Recurrence and Attention for Long-Context Transformers with Jacob Buckman - #750

October 7, 2025

57 min episode · 2 min read

Jacob Buckman

Episode

57 min

Read time

2 min

AI-Generated Summary

Published Dec 31, 2025

Key Takeaways

✓State Size Balance: Transformers have states 100,000x larger than LSTMs at long context, while RNNs have states too small. Optimal architectures balance weight FLOPS and state FLOPS within one order of magnitude for compute-efficient training and inference.
✓Chunked Algorithm: Power retention uses dual computation forms—recurrent for sequential processing and attention for parallel processing. Breaking sequences into GPU-optimized chunks provides linear cost scaling while maintaining full hardware saturation, achieving best of both approaches without mathematical tradeoffs.
✓Model Metamorphosis: Converting existing transformer models to power retention requires only two hours of retraining on 128 H100s. StarCoder 3B recovered full 30% HumanEval performance after this brief metamorphosis period, making adoption practical without pretraining from scratch.
✓Vidrial CUDA Framework: Custom CUDA framework enables 20% speedups over Flash Attention on non-standard problem shapes by separating static and dynamic computation.
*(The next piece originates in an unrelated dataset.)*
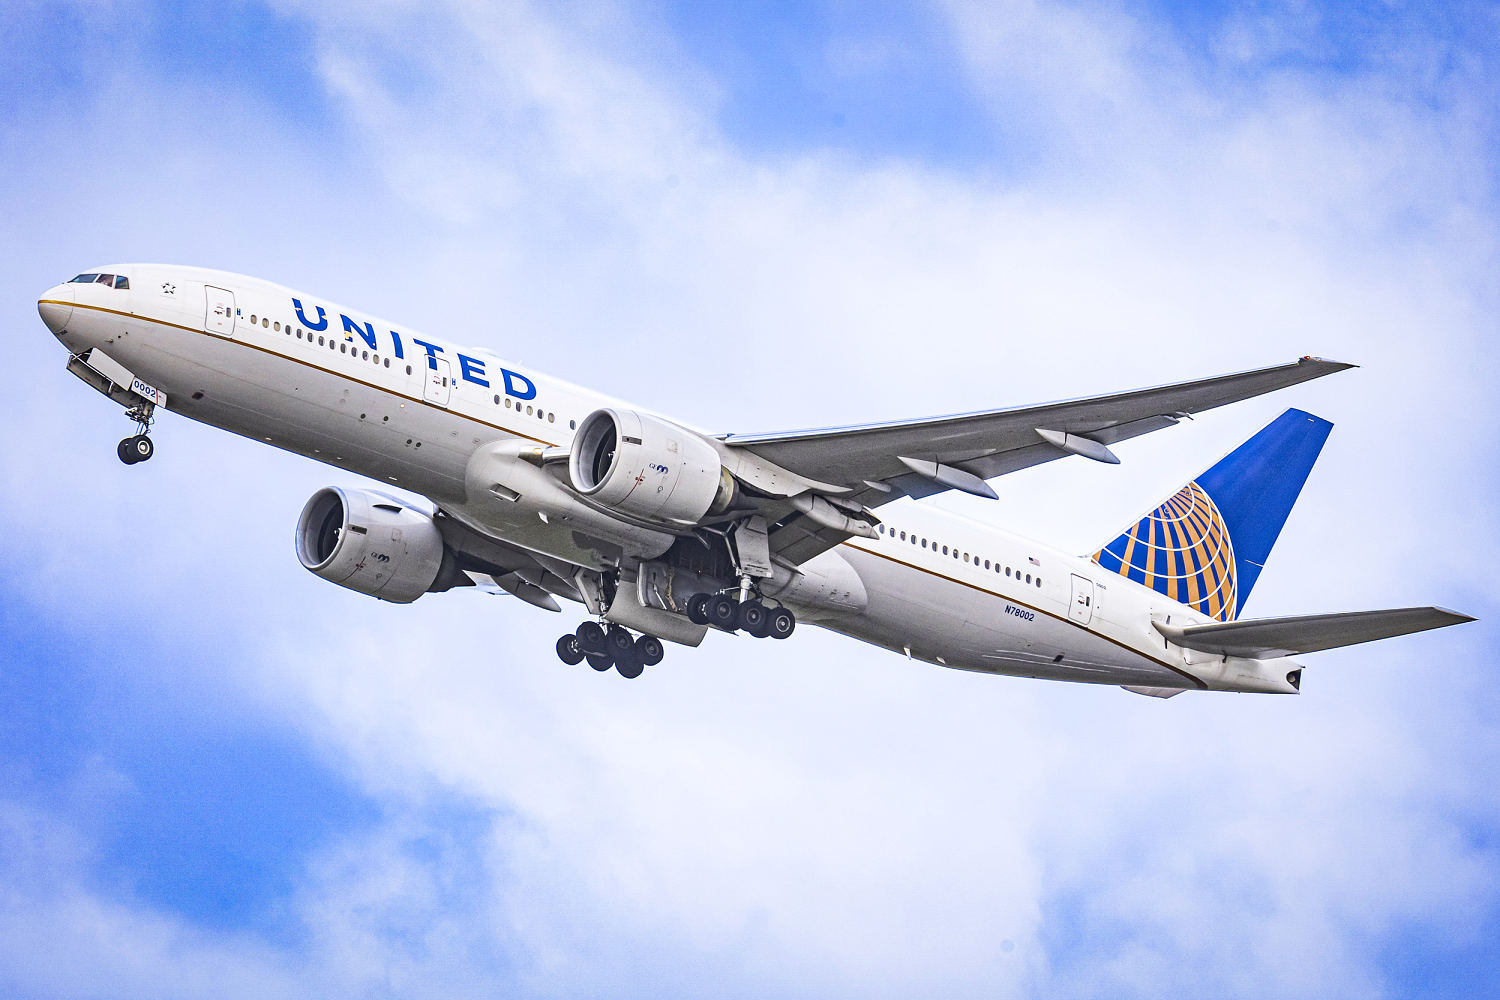 Mexico-bound plane lands in L.A. in 4th emergency this week for United Airlines

JIT compilation sweeps different configurations to find optimal tile sizes and memory patterns for specific hardware and sequence lengths.

What It Covers

Jacob Buckman explains power retention architecture for transformers, combining recurrence and attention to achieve linear scaling for long context processing while maintaining computational efficiency through balanced weight-state FLOP ratios and chunked algorithms.

Key Questions Answered

•State Size Balance: Transformers have states 100,000x larger than LSTMs at long context, while RNNs have states too small. Optimal architectures balance weight FLOPS and state FLOPS within one order of magnitude for compute-efficient training and inference.
•Chunked Algorithm: Power retention uses dual computation forms—recurrent for sequential processing and attention for parallel processing. Breaking sequences into GPU-optimized chunks provides linear cost scaling while maintaining full hardware saturation, achieving best of both approaches without mathematical tradeoffs.
•Model Metamorphosis: Converting existing transformer models to power retention requires only two hours of retraining on 128 H100s. StarCoder 3B recovered full 30% HumanEval performance after this brief metamorphosis period, making adoption practical without pretraining from scratch.
•Vidrial CUDA Framework: Custom CUDA framework enables 20% speedups over Flash Attention on non-standard problem shapes by separating static and dynamic computation. JIT compilation sweeps different configurations to find optimal tile sizes and memory patterns for specific hardware and sequence lengths.

Notable Moment

Buckman reveals that typical window attention models plateau in their ability to use context far earlier than their advertised effective context length, which is calculated as depth times window size, demonstrating they fail to leverage most available tokens.

Know someone who'd find this useful?